The review exerted major cultural influence through its role in launching careers and shaping reputations—impact felt in salons and institutions such as Café de Flore, Les Deux Magots, Académie française, and the publishing world around Gallimard. Critical reception ranged from praise in progressive circles connected to Les Temps modernes and La Nouvelle Revue Française‑adjacent critics to polemics from conservatives associated with Action Française and debates in periodicals like Le Figaro and Le Monde. The review's decisions affected prizes and recognitions such as the Prix Goncourt, Prix Renaudot, Nobel Prize in Literature, and national cultural appointments.

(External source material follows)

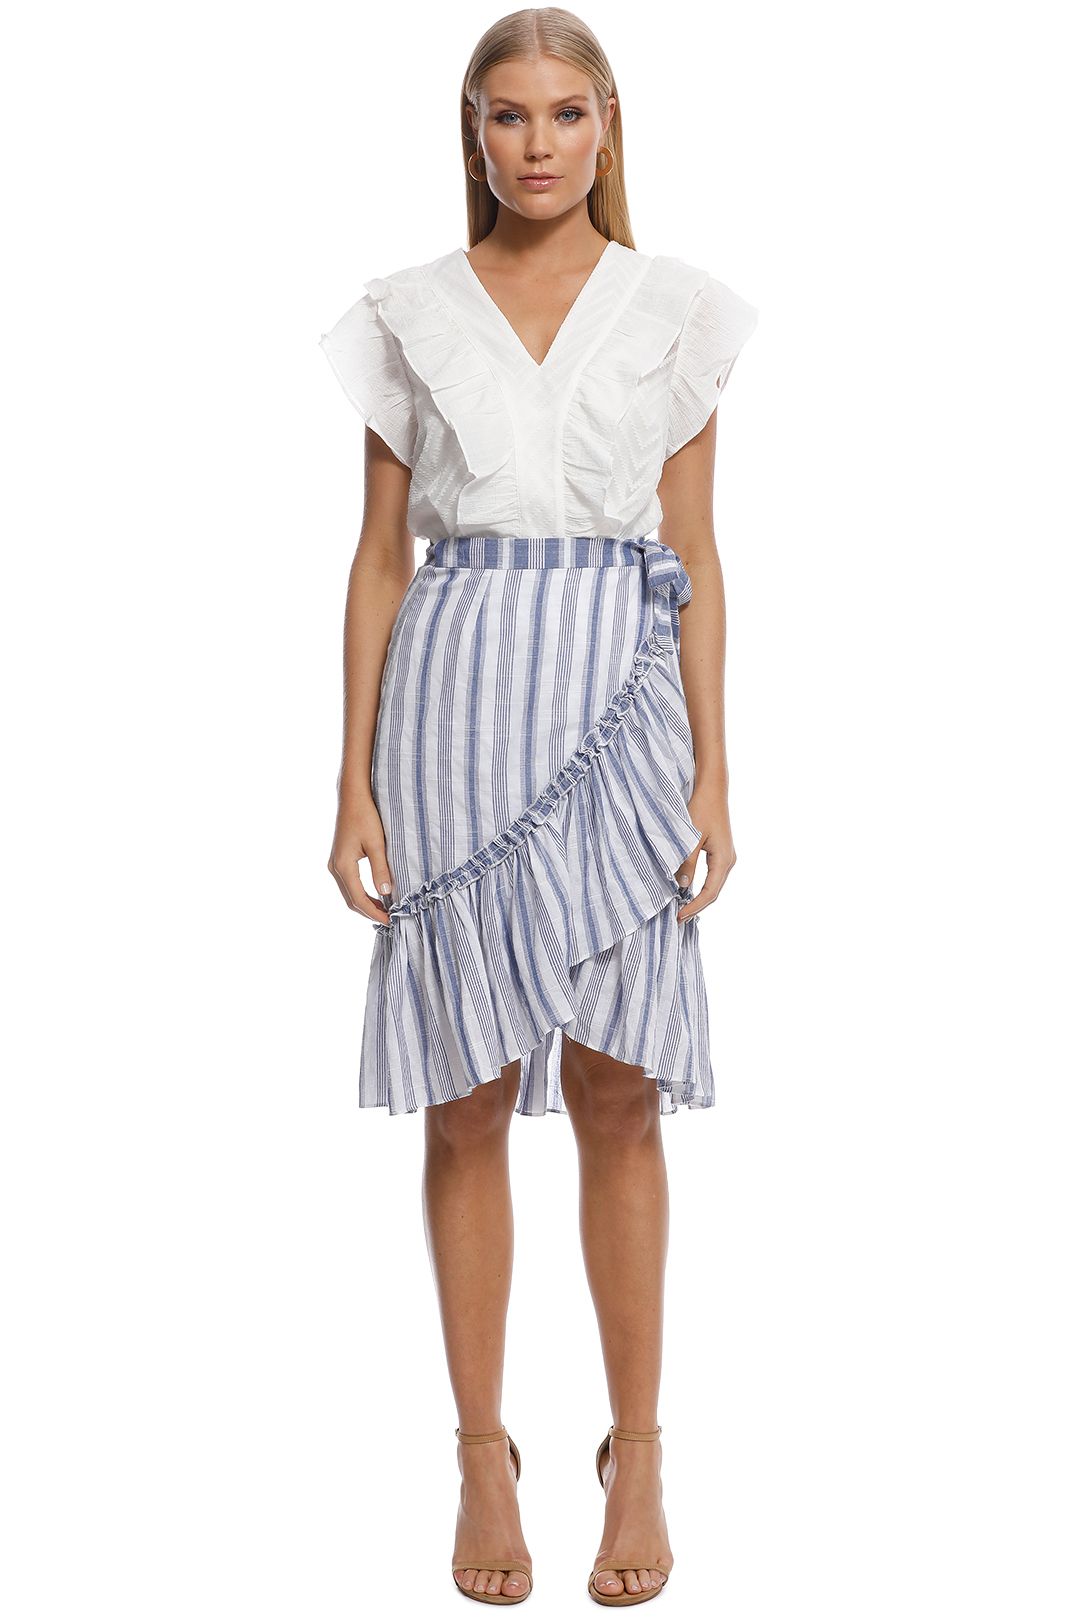 Suboo - Wrap Midi Skirt - Blue White Stripes - Front

Internationally, review essays influenced translators and critics engaged with Cambridge, Columbia University, Harvard University, and the University of Oxford.
Editorial choices provoked controversy through episodes involving political collaboration, censorship, and accusations of ideological alignment during crises such as the Dreyfus Affair‑era disputes and the Second World War occupation. Debates about contributors' stances evoked responses from institutions including Vichy France, Free French Forces, and postwar tribunals assessing cultural collaboration. Legal and market pressures from entities like Ministère de la Culture and commercial rivals led to occasional suppression of pieces and contested print runs; censorship networks extended to distribution channels in German Empire‑era successor states and occupied territories. Controversies also followed the review into late twentieth‑century debates over representation and postcolonial critiques involving figures linked to Frantz Fanon, Aimé Césaire, and the policy debates surrounding Décolonisation.
The review's legacy is visible in the continuity of French literary institutions, imprint strategies of Gallimard, and the careers of writers promoted within its pages who went on to win the Prix Goncourt, Nobel Prize in Literature, and other international awards. Renewed interest in archival issues, digitization projects undertaken by university libraries such as Bibliothèque nationale de France, and retrospective exhibitions at cultural centers including Centre Pompidou and the Musée d'Orsay prompted a modern revival of critical study. Contemporary iterations and special editions have sought dialogue with postwar and postmodern movements linked to Tel Quel, Nouvelle Vague, and postcolonial literatures involving authors from Algeria, Vietnam, Senegal, and diasporic circles in Montreal and Brussels. The review remains a subject of scholarship across departments at Université Paris‑Sorbonne, Université de Genève, Columbia University, and research centers funded by the CNRS.